His personal ambitions notwithstanding, Kerry gave clear public voice to the same ideological position taken by VVAW. In his appearance before William Fulbright's Senate Foreign Relations Committee in April 1971, Kerry volunteered this straightforward testimony: "I committed the same kinds of atrocities as thousands of others in that I shot in free fire zones, used harassment and interdiction fire, joined in search and destroy missions, and burned villages. All of these acts were established policies from the top down, and the men who ordered this are war criminals."

Brinkley reports that Kerry parted company with the antiwar vets in the months immediately following his moment of instant celebrity, and over the ensuing years has been scored a betrayer of the cause by some former comrades. However, Kerry had always taken pains to emphasize that he was "never outside the system." The difference is that those Vietnam veterans who have kept faith with Kerry's antiwar arguments before an august body of the US Senate in 1971 continue to advocate for that historical interpretation of their war. Kerry has never been able to bring that piece of his ideals to the table for serious examination within the system. And yet the spectre of Vietnam, and the lessons learned from it, still haunt the corridors of power where war policy is forged.

Tour of Duty is a fresh and welcome retelling of these lessons, and of how acutely John Kerry once wrestled with them. The book's remarkably broad and representative bibliography is manifest in the many details David Brinkley inserts throughout the text to enhance the verisimilitude of his portrait of both the era and the man.

Nonetheless, a number of gaffes and bizarre formulations underscore a suspicion that the Vietnam era is not one in which the author is deeply steeped.
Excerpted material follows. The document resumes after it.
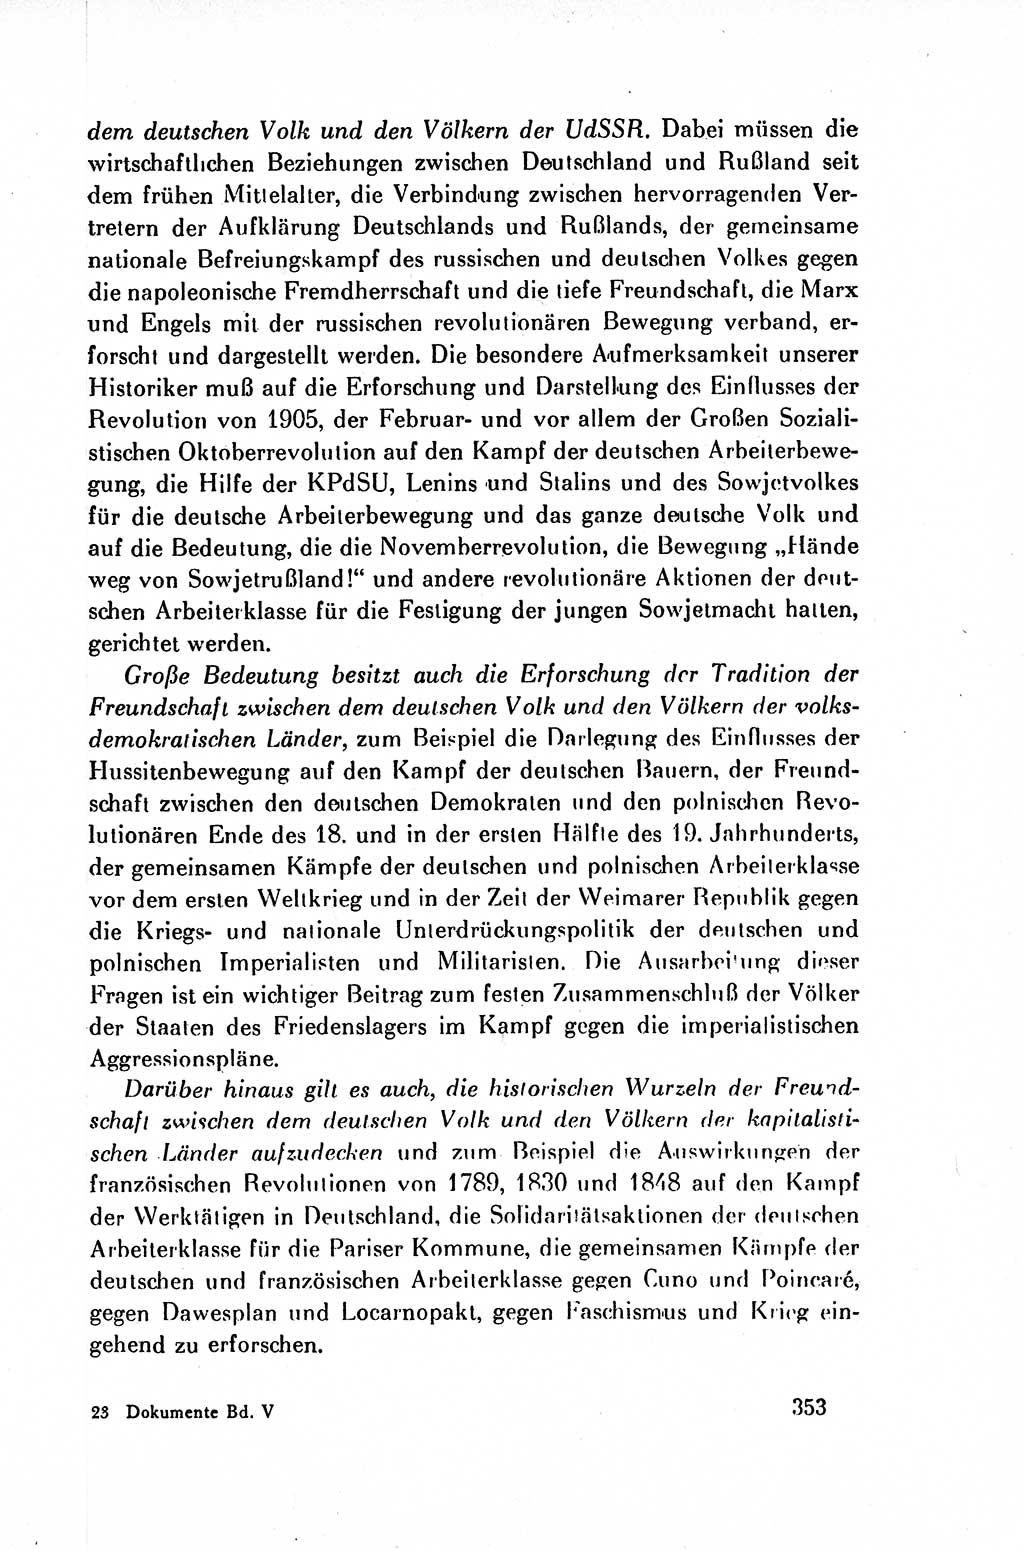 Dokumente der Sozialistischen Einheitspartei Deutschlands (SED) [Deutsche Demokratische Republik (DDR)] 1954-1955, Seite 353 (Dok. SED DDR 1954-1955, S. 353)
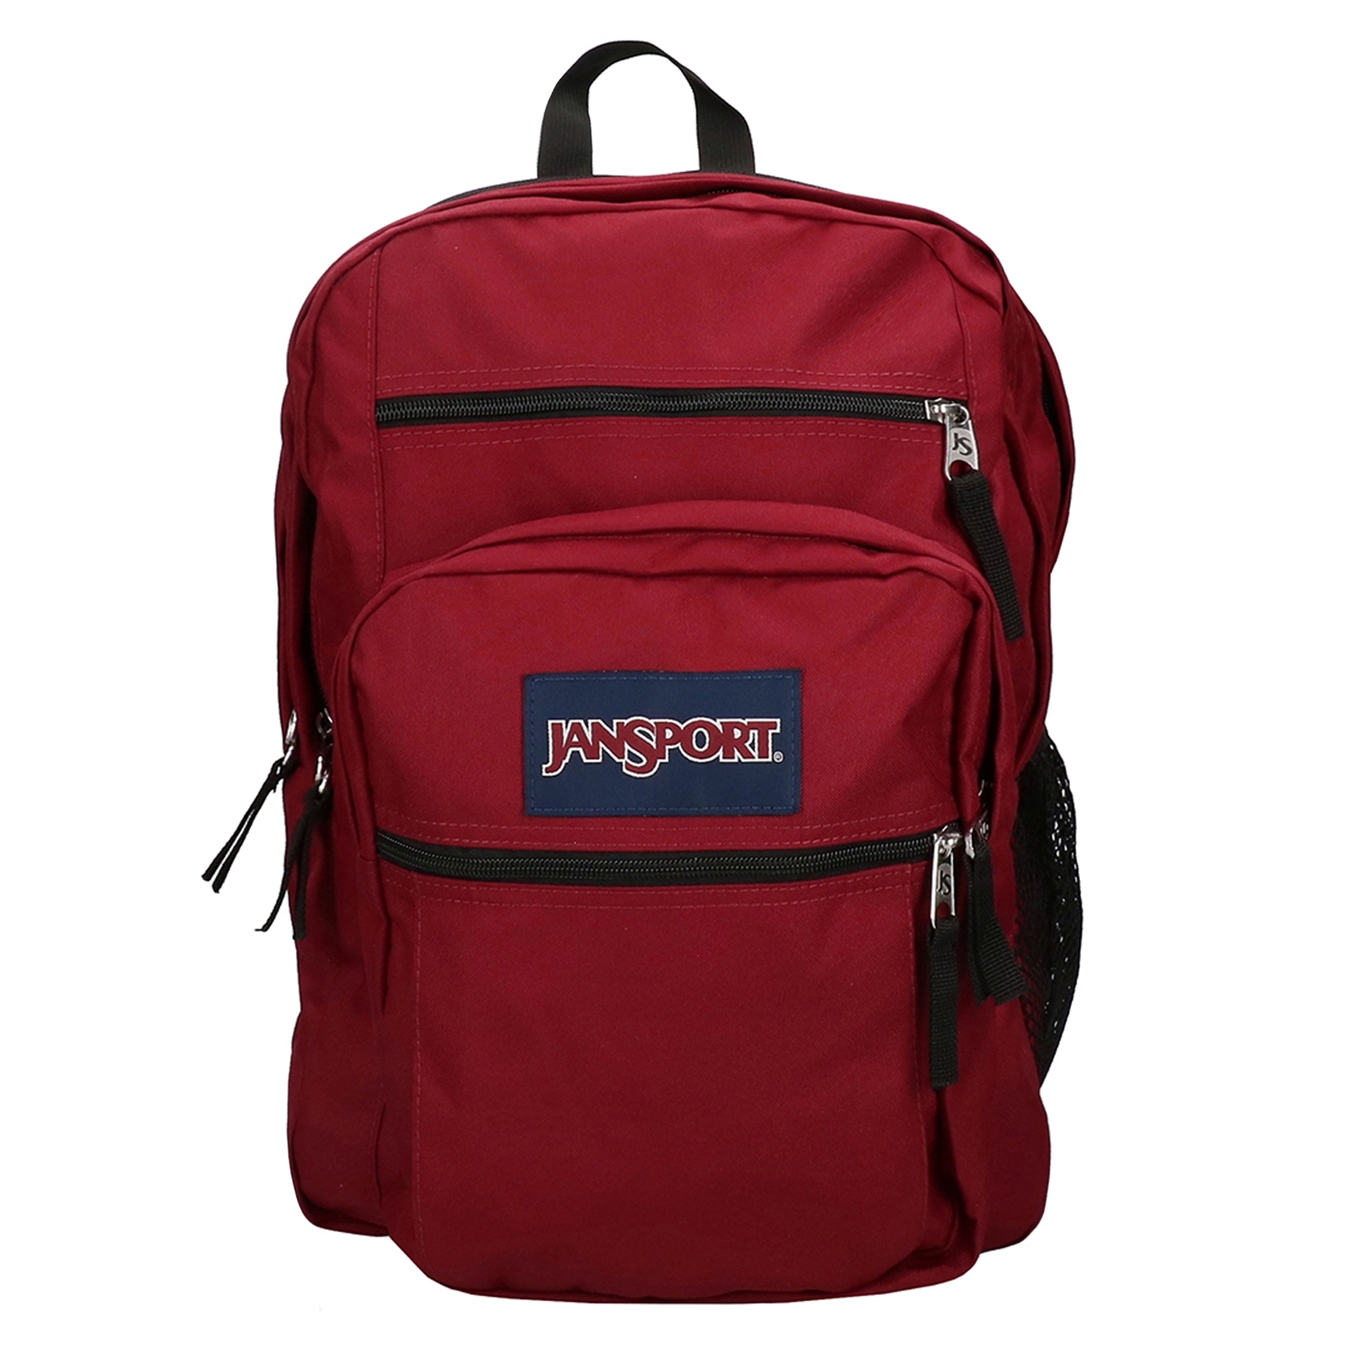 JanSport Big Student russet red backpack

The potboiler rhetoric used to describe the National Liberation Front (Viet Cong), and its political and armed struggles for reunification with Hanoi, is amateurish.

The Viet Cong (like Native Americans of yore) are dubbed "treacherous" because they opposed both Saigon and the US invasion. Or they are said to "infest" the Delta, where they "extort taxes" from the peasants, even though they functioned widely throughout South Vietnam as the de facto government. At such moments, it's as if the voice of some diehard cold warrior from the LBJ or Nixon administration is being incorporated into the narrative against the nap of its prevailing fibers.

Skipping Kerry's Senate years, Brinkley carries the story forward to Kerry's present drive for his party's presidential nomination. Despite his electoral success in the primaries so far, voters can't seem to decipher Kerry's stance on the current war with Iraq.

Antiwar folks think he's for it (pointing to his vote authorizing the war), and pro-war folks think he's against it (pointing to his anti-Bush rhetoric and his vote against the $87 billion supplemental appropriation).

As a young, disaffected warrior, Kerry once dissolved such ambiguities in a rush of insightful empathy, asking himself, "What it would be like to be occupied by foreign troops, to have to bend to the desires of a people who could not be sensitive to the things that really count in one's own country?" To what degree John Kerry sets his politics today by this internationalist benchmark, no one, not even he, seems to know.